La restauración, necesaria y loable, no debe entenderse como un sustituto de la protección. Es necesario restaurar, sí, pero al mismo tiempo y con aún mayor urgencia, debemos resguardar aquellos ecosistemas de alta integridad que aún se mantienen funcionales y sanos. Son verdaderas joyas ecológicas que, muchas veces silenciosamente, continúan prestando servicios esenciales al bienestar humano pues aún no han sido profundamente alteradas por la acción humana.

El riesgo de una lectura reduccionista -donde sólo se actúe en función de lo que ya fue degradado, muchas veces con fines de compensación de emisiones o beneficios de mercado- abre la puerta a permitir la pérdida de ecosistemas sanos cuyo valor y funcionalidad son irremplazables. En ese contexto, resulta incluso paradójico tener el foco puesto en restaurar lo que nunca debió haberse degradado, cuando se tiene la opción de prevenir la pérdida de ecosistemas naturales intactos, con inversiones más costo-efectivas, resguardando los servicios que esta naturaleza entrega en beneficio de sociedades y economías hoy día.

Este razonamiento es particularmente relevante en Chile, donde aún contamos con ecosistemas terrestres y marinos que conservan una alta integridad ecológica. Un ejemplo de esto son las turberas, generosas esponjas retenedoras de agua y custodias milenarias de importantes masas de carbono global. Con una historia local de más de 12.000 años, estos humedales han permanecido en relativo silencio, haciendo su labor sin pedir nada a cambio. Pero en las últimas décadas, diversas amenazas -como la extracción de turba, la extracción indiscriminada de musgo pompón, la introducción de especies exóticas invasoras, el cambio climático, incendios y la expansión de actividades humanas- han comenzado a comprometer su integridad, con efectos locales tangibles como la disminución de la disponibilidad y calidad de agua para las comunidades locales.

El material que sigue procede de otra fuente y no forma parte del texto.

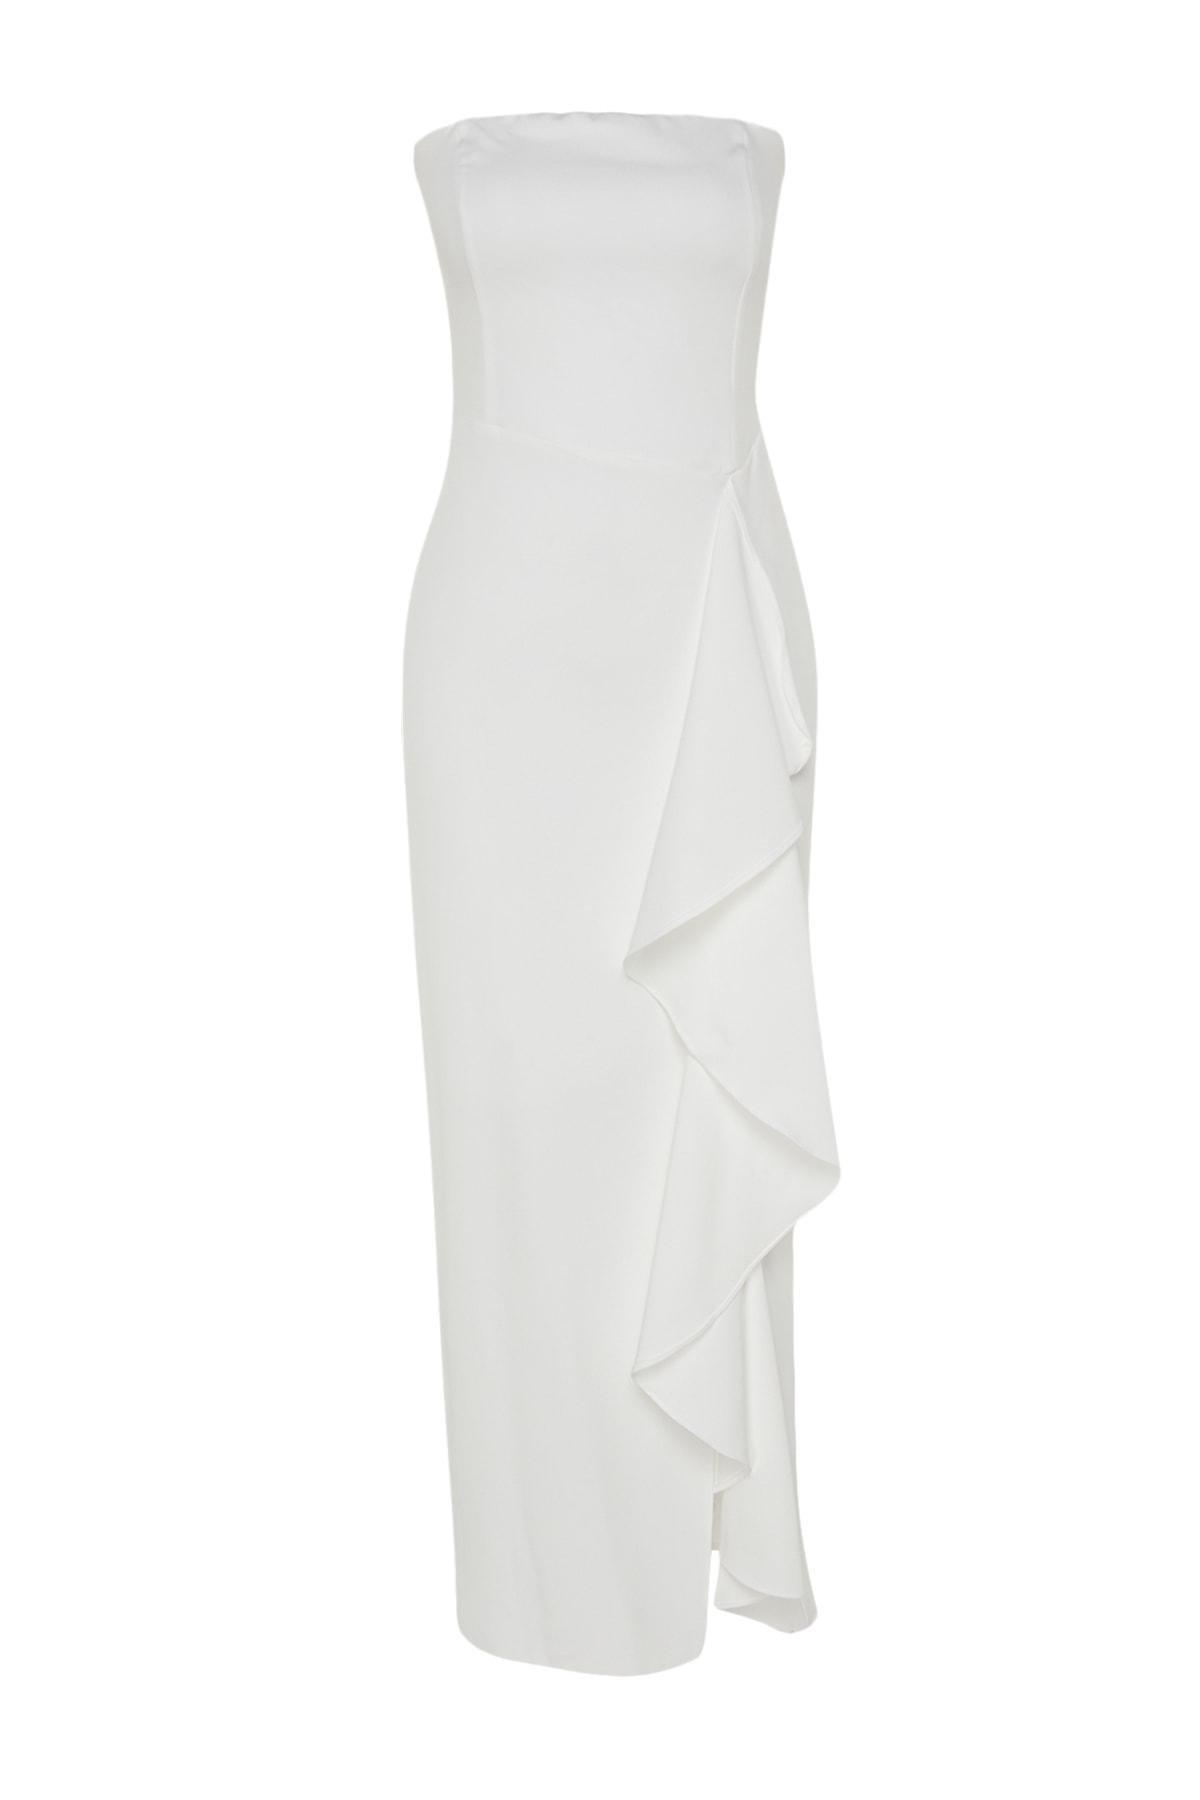 Trendyol - White Strapless Shift Occassionwear Dress

Las turberas nacionales guardan casi 5 veces más carbono que aquel contenido en toda la biomasa aérea de los bosques de Chile, por lo que su degradación puede fácilmente anular los aportes logrados por políticas públicas climáticas ambiciosas, como ha sido el recambio del transporte público de la capital a buses eléctricos, comprometiendo el logro de nuestra meta de carbono neutralidad al 2050. Prevenir entonces la pérdida y degradación de nuestras turberas es, sin lugar a duda, una estrategia más costo-efectiva y sensata que intentar reparar sus impactos una vez ocurridos. Lo que muchas veces no es posible, dada su milenaria historia de formación. La oportunidad de cuidar las turberas es hoy. No hay mejor decisión que dejar intacto lo que está sano y funciona en todo su potencial. Con beneficios tangibles no sólo para generaciones futuras, sino para comunidades que hoy sienten los efectos de su degradación. 

El mandato es claro: poner al centro de nuestras políticas, decisiones y acciones la protección de ecosistemas de alta integridad, no sólo como una opción lógica, sino como una necesidad estratégica. Sólo así podremos evitar tener que decir en el futuro, con pesar, la frase “no sabíamos lo que teníamos hasta que lo perdimos”.